A sua volta il discorso si complica in quanto per un confronto efficace occorrerebbe individuare con chiarezza entrambe le singolarità da confrontare, ma tale evidente operazione appare più difficile in presenza dell'evoluzione autoriale di Raffaello. Con quale Raffaello vogliamo confrontare il dipinto di Tortona? Un Raffaello degli inizi oppure l'attività della sua bottega nel culmine, romano, del suo successo? È vero dall'altra parte che Raffaello presenta una sua riconoscibilissima cifra assai meno evolutiva rispetto ad altri grandi autori a cavallo fra i due secoli ma qualche differenza è sempre riscontrabile e appare tipizzabile e schematizzabile in due Raffaelli: quello delle origini umbre, fedele riformulatore perfezionante del Perugino e quello romano, più reiterabile e riconoscibile. Nel mezzo però abbiamo un altro Raffaello: quello fiorentino, di transizione, influenzato da Leonardo. La Madonna Esterhazy esprime emblematicamente tale “terzo Raffaello”, meno riconoscibile, più fluido e “caldo”, in una parola: “sperimentale all'ombra di Leonardo”, con le sue tipiche torsioni e tensioni anatomiche.

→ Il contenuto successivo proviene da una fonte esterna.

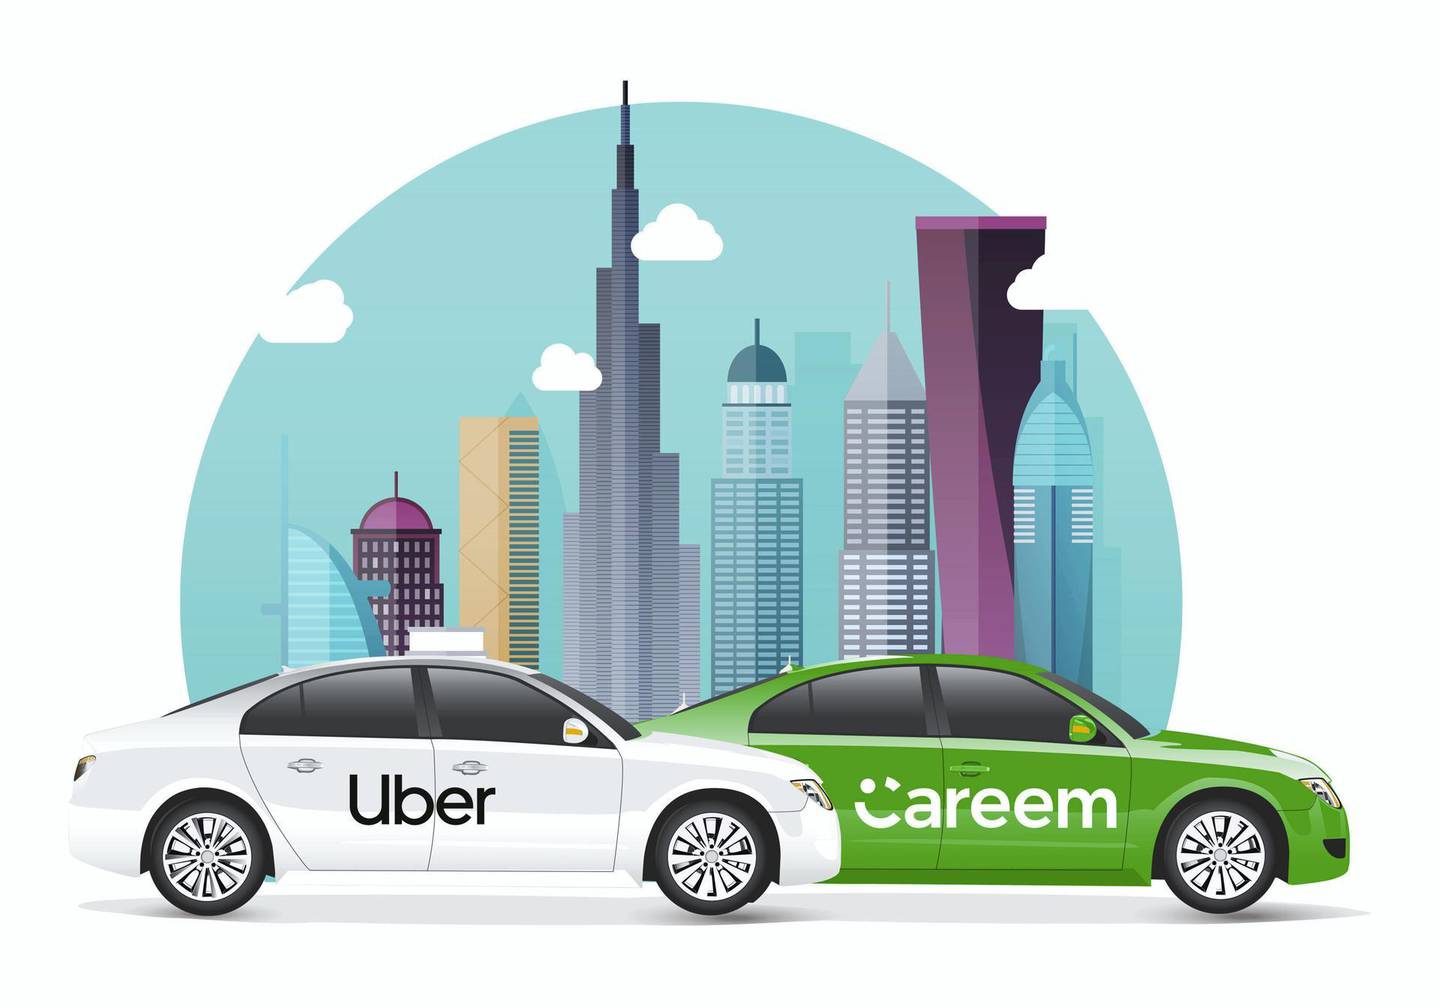 Careem will become a wholly-owned but independent subsidiary of Uber.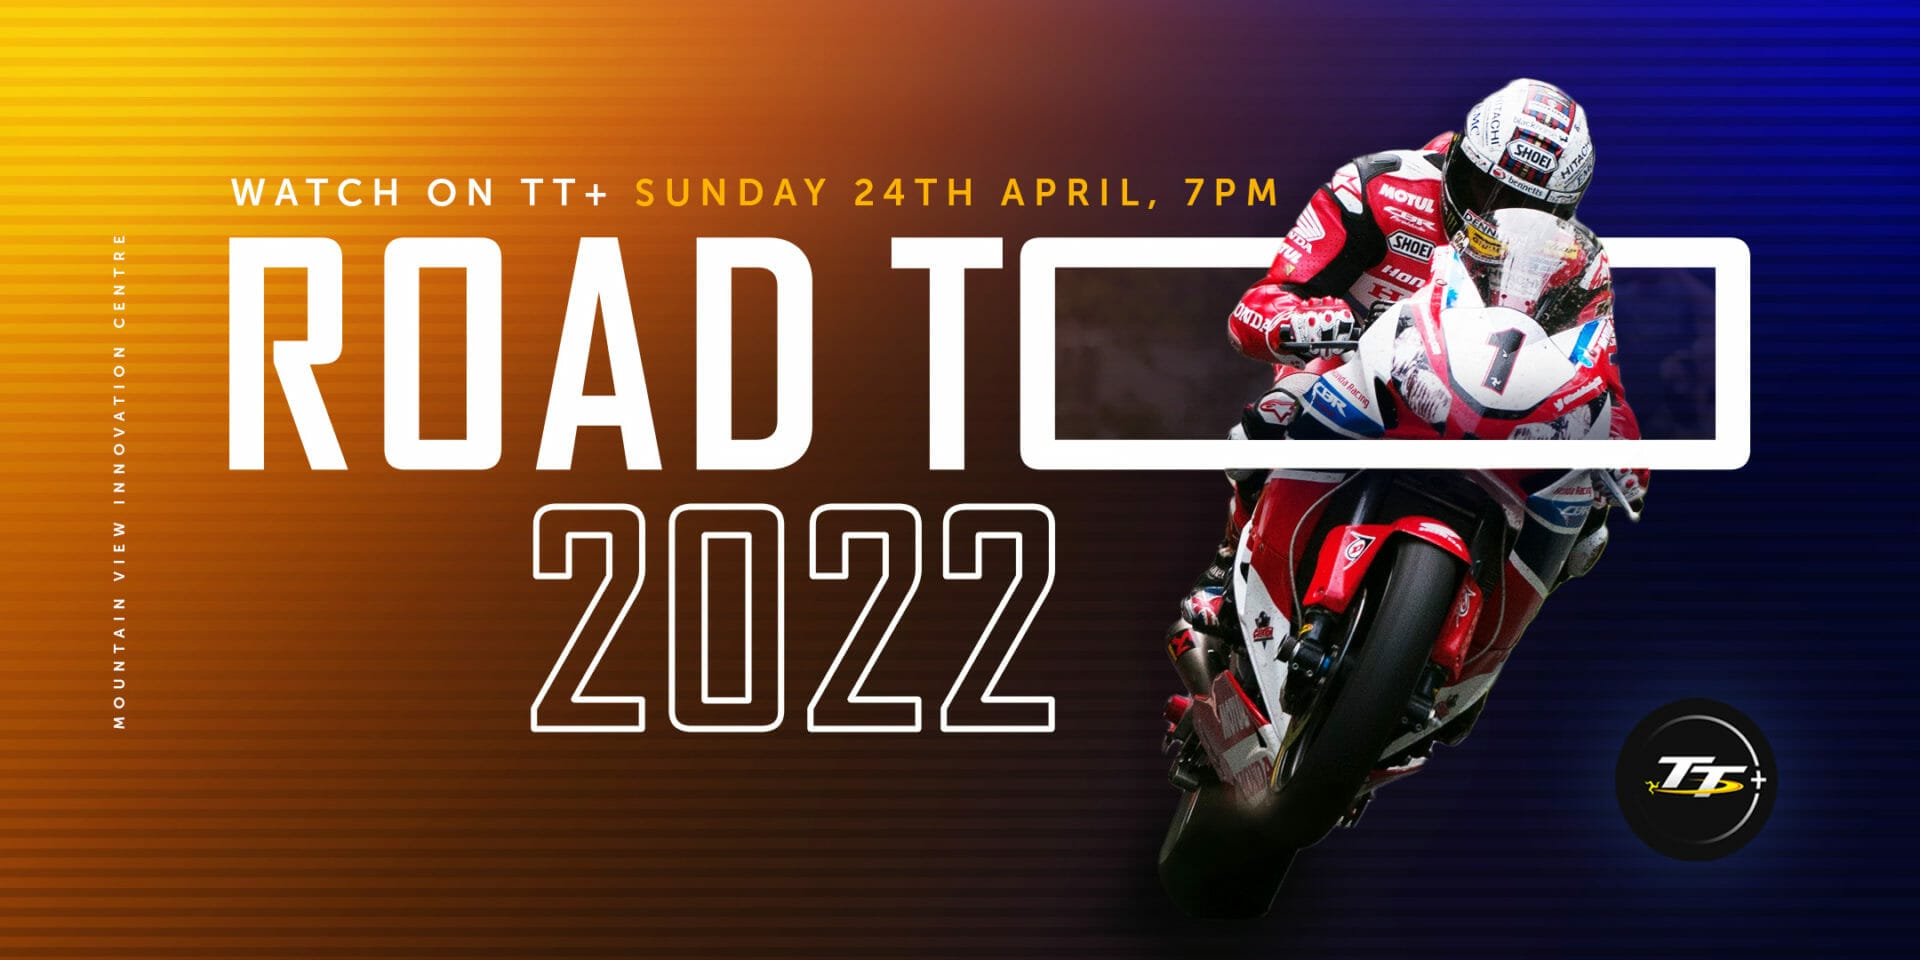 Isle of Man TT 2022 Preview Show „Road to 2022“ - MOTORCYCLES.NEWS

Con quale dei tre Raffaelli vogliamo confrontare il dipinto di Tortona? Estremizziamo anche qui le possibilità: l'opera ora a Tortona quale studio giovanile, prima opera di un Raffaello che ancora sperimenta in attesa di “superare il maestro”, Perugino, idealizzandone lo stilema, oppure un Raffaello così di successo a Roma da permettere alla sua bottega una reiterazione della sua opera giovanile oggi all'Ermitage? Il dipinto appare infatti, come typus, utilizzare uno schema assai semplice, pedagogico, ideale per far esercitare un giovane artista. La classica Madonna di Natività o “delle Grazie”, con occhi socchiusi e un generico paesaggio di contorno. Dipinto facile da commercializzare e reiterare, per uso devozionale privato. Neppure il retro della tavola tortonese ci aiuta in quanto i sigilli della dogana di terra dello Stato Pontificio non offrono alcun elemento individualizzante. Le opere nei secoli si spostavano tanto quanto oggi per affari, eredità, matrimoni, doni e i più differenti motivi. Che il dipinto tortonese sia uscito e poi rientrato nello Stato della Chiesa non ci dice nulla di più sulla sua indubbia singolarità; nulla di utile a meglio qualificarla. Se ci concentriamo sullo stile espressivo infine ne emergono ancora di più tratti identitari e autonomi della tavola tortonese la cui dolcezza e intimità appare superiore all'opera celeberrima che viceversa si connota per una maggiore claritas. Anche sotto questo profilo l'analisi per essere ermeneuticamente corretta dovrebbe sfrondarsi preventivamente della maggiore attenzione tutelativa e conservativa di cui ha goduto l'opera celebre rispetto all'abbandono secolare tipico delle opere appena ritrovate. La relazione dialettica appare quasi invertita fra un Raffaello più riconoscibile e una Madonna raffaelliana con una sua connotazione, con tratti di dolcezza e morbidezza più accentuati, rispetto al freddo rigore della precisione del capolavoro oggi russo. E qui si apre un altro discorso di semiosi: la “riconoscibilità raffaelliana” rappresenta un dato di minor significazione o di maggior identificazione? Paradossalmente si potrebbe dire che la tipica raffaellianità della Connestabile dell'Ermitage rende il dipinto meno interessante della sottile variazione stilistica presenta nella tavola che qui presentiamo.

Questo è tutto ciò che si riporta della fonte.